Speaker 1Let's look at the retail sales number that came out last week. All right, retail sales came in at 3% year over year below inflation for the fourth month month in a row and for 11 out of the last 14 months below inflation. All right, Not only that, the year-over-year increase in actual dollars spent retail sales all right, this number's not price-adjusted. There's no inflation adjustment. It's seasonally adjusted but it's not inflation-adjusted. So the year-over-year change, nominally, what they reported to get your 3.3% change was an increase from April of last year from $684 roughly to $705 billion. For the month was $20.8 billion. The price differential was $23.27 billion, roughly speaking, not doing it by category by category, which means price increases represented more than 100% of the gain in sales and on a real basis, sales actually fell $2.5 billion from a year ago and in fact, when we look at the year-over-year rate, it's been negative relative to inflation for 11 of the last 14 months.
Speaker 1I mean, when you talk about outright deflation, not including the price adjustment, which makes it much worse furniture, building materials, garden supplies, sporting goods, books and music stores, when you include the price adjustment, it extends to electronics, appliances and clothing. What are these? They're discretionary, discretionary. The only things that are up are online and gas and food. Let's take vehicles down over a billion for the month which took the year-over-year rate of change in sales from 3.2 down to 0.8. Car sales a 0.8 year-over-year lost 75% of its year-over-year growth rate in a single month. Hello, I mean hello. Not only that, but credit card debt was only 0.1 annualized, but actually the total fell from the first quarter. And when consumers say they're worse off, take the housing numbers too, and home builders the NHABhab housing index 45 for the month of may that's the lowest may since 2014 and the traffic of prospective buyers the lowest since 2012. And of course, the xhb gets hit. So it's going to be kind of you know it is to whatever extent.

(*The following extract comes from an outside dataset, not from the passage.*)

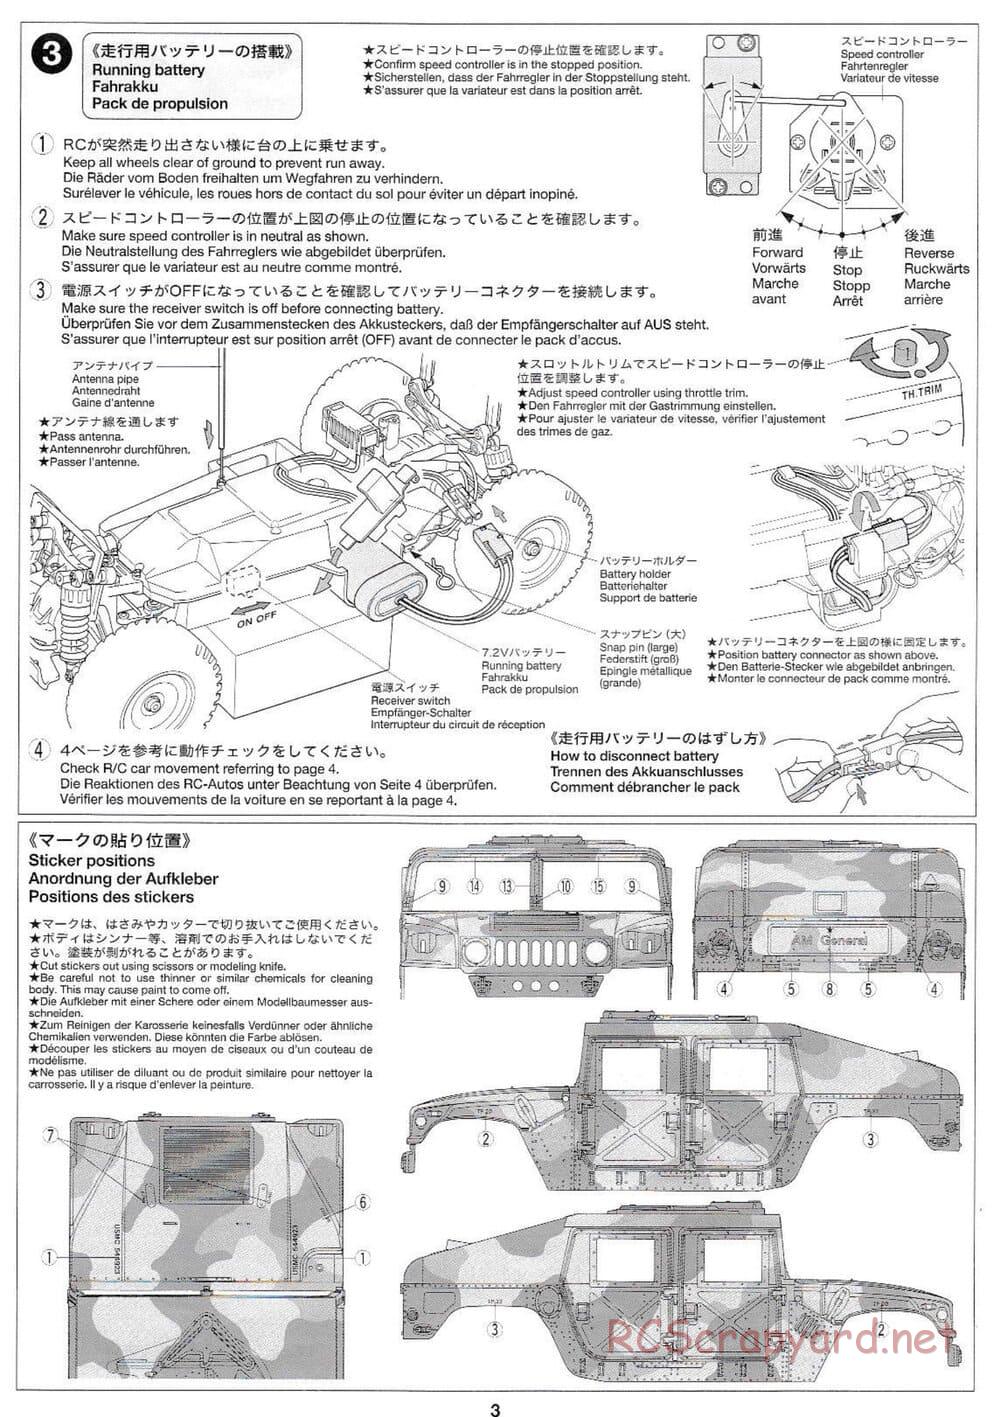 Tamiya - XB M1025 Humvee - DF-01 Chassis - Manual - Page 3

Speaker 1You have the fed funds already beginning to price in a rate cut this year, if not maybe a second one, and that in turn is dropping the dollar's yield premium over Europe. As our interest rates come down, europe's kind of stay where they are because they've been a lot lower. They've already come down. Now the US is coming down to kind of match them. You're eroding the premium you get paid to hold dollars. Which weakened the dollar last week and this was key, key, key key to the markets was the weakening of the dollar. So in that context, you saw all asset prices rise, but what rose the most?

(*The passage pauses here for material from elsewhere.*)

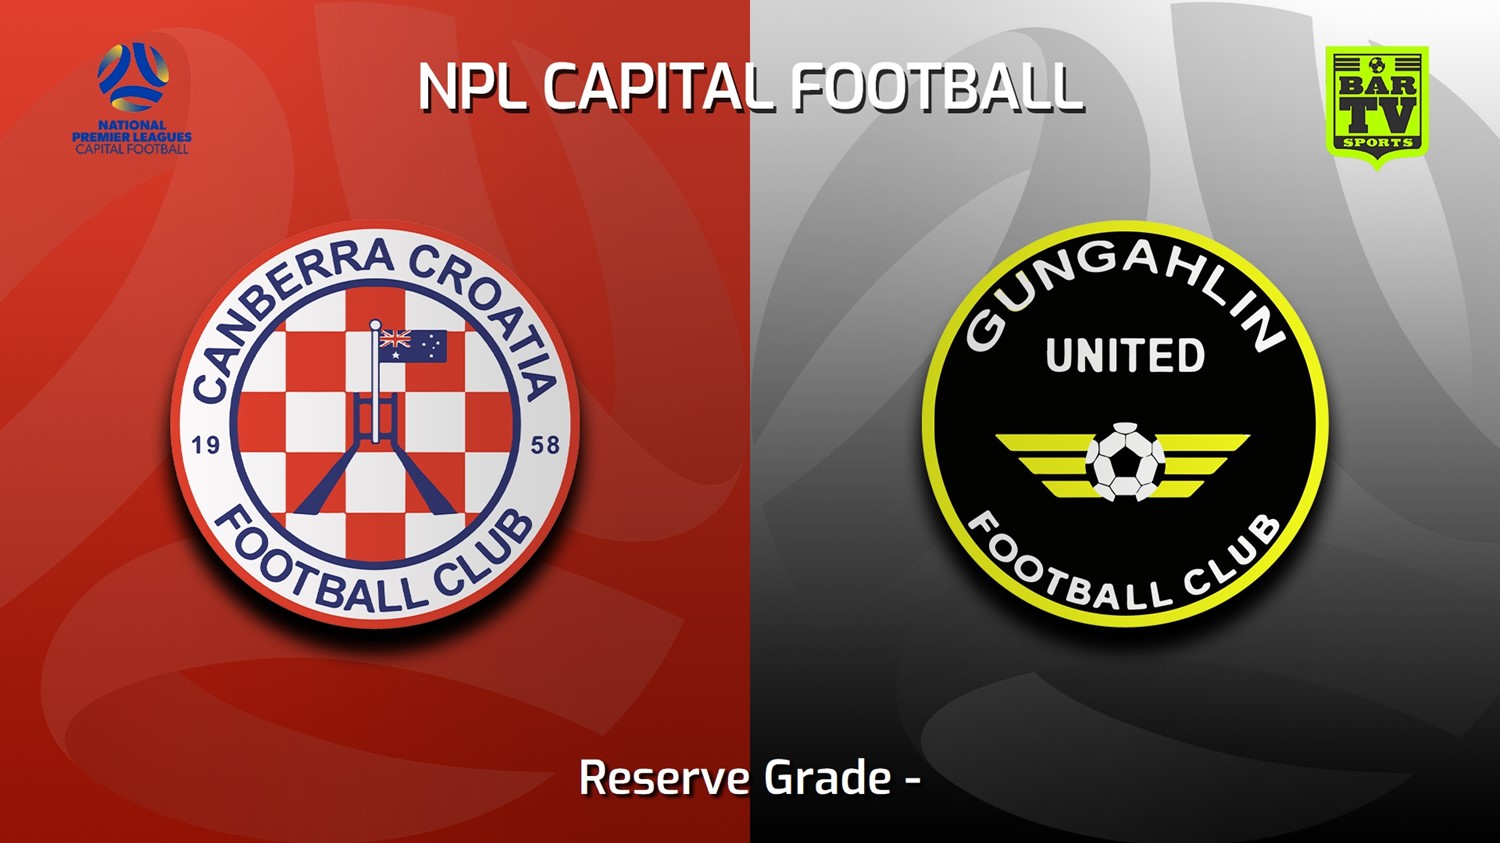 230820-NPL Women - Reserve Grade - Capital Football Round 19 - Canberra Croatia FC (women) v Gungahlin United FC (women) Slate Image

Speaker 1Commodities and precious metals, particularly gold, silver, copper these were the things that outperformed. These are where we have been allocated in our portfolio playbook, which is a product we sell to family offices and retail investors, and it's a really good equity-based product. That gives you a different way of looking at things, in kind of this new era where just buying and holding stocks is not going to keep pace with the debasement of the purchasing power of your currency. And then you say, well, gold has been disappointing, a lot of people haven't liked gold, and then they liked it and it didn't perform. Guess what? This is the whole time, the dollar's been strong and gold has still performed. How do we know that? Because it's at new highs against the dollar, even though the performance up until recently was really choppy.
Speaker 1All right, people were disappointed by that. So what happened? Well, bottom line is you have a situation where people dump their gold, people dump their silver. You're talking about who's buying. Well, etf sales were down. By what was the number in ETF sales? It was 700 tons since July of 2022. 700 tons worth of gold was sold in the ETFs. Coin sales were down for the first time since 2019 in the first quarter on a quarterly basis in 2024.
Speaker 1For the first quarter, january through March All right. At the same time, swiss and UK imports were down 14 of the last 18 months. Why is that important? It means the bullion banks aren't the ones buying gold, all right. So who's buying gold? Right, chinese are buying gold Big time, big time, all right. Gold imports a record in January 225 tons. That's a lot of gold.
Speaker 1The PBOC, people's Bank of China, stopped reporting their gold buying, so now the numbers are kind of difficult to find, so we rely on some private estimates. One of the more respected estimates puts the gold purchases last year at 700, where was it? 725 tons for the year All right. Last year total central bank purchases were 1,000 tons. 75% of total central bank purchases were in China, and the last two years are the only time ever central bank purchases of gold were 1,000 tons within a year. So the central bank is really accumulating gold big time in China when you're talking about that kind of accumulation 590 tons in 2022, 725,000 tons last year, 225 tons in January means almost 1,600 tons of gold China has taken off the market in the last 28 months. That's an enormous amount of gold, it really is.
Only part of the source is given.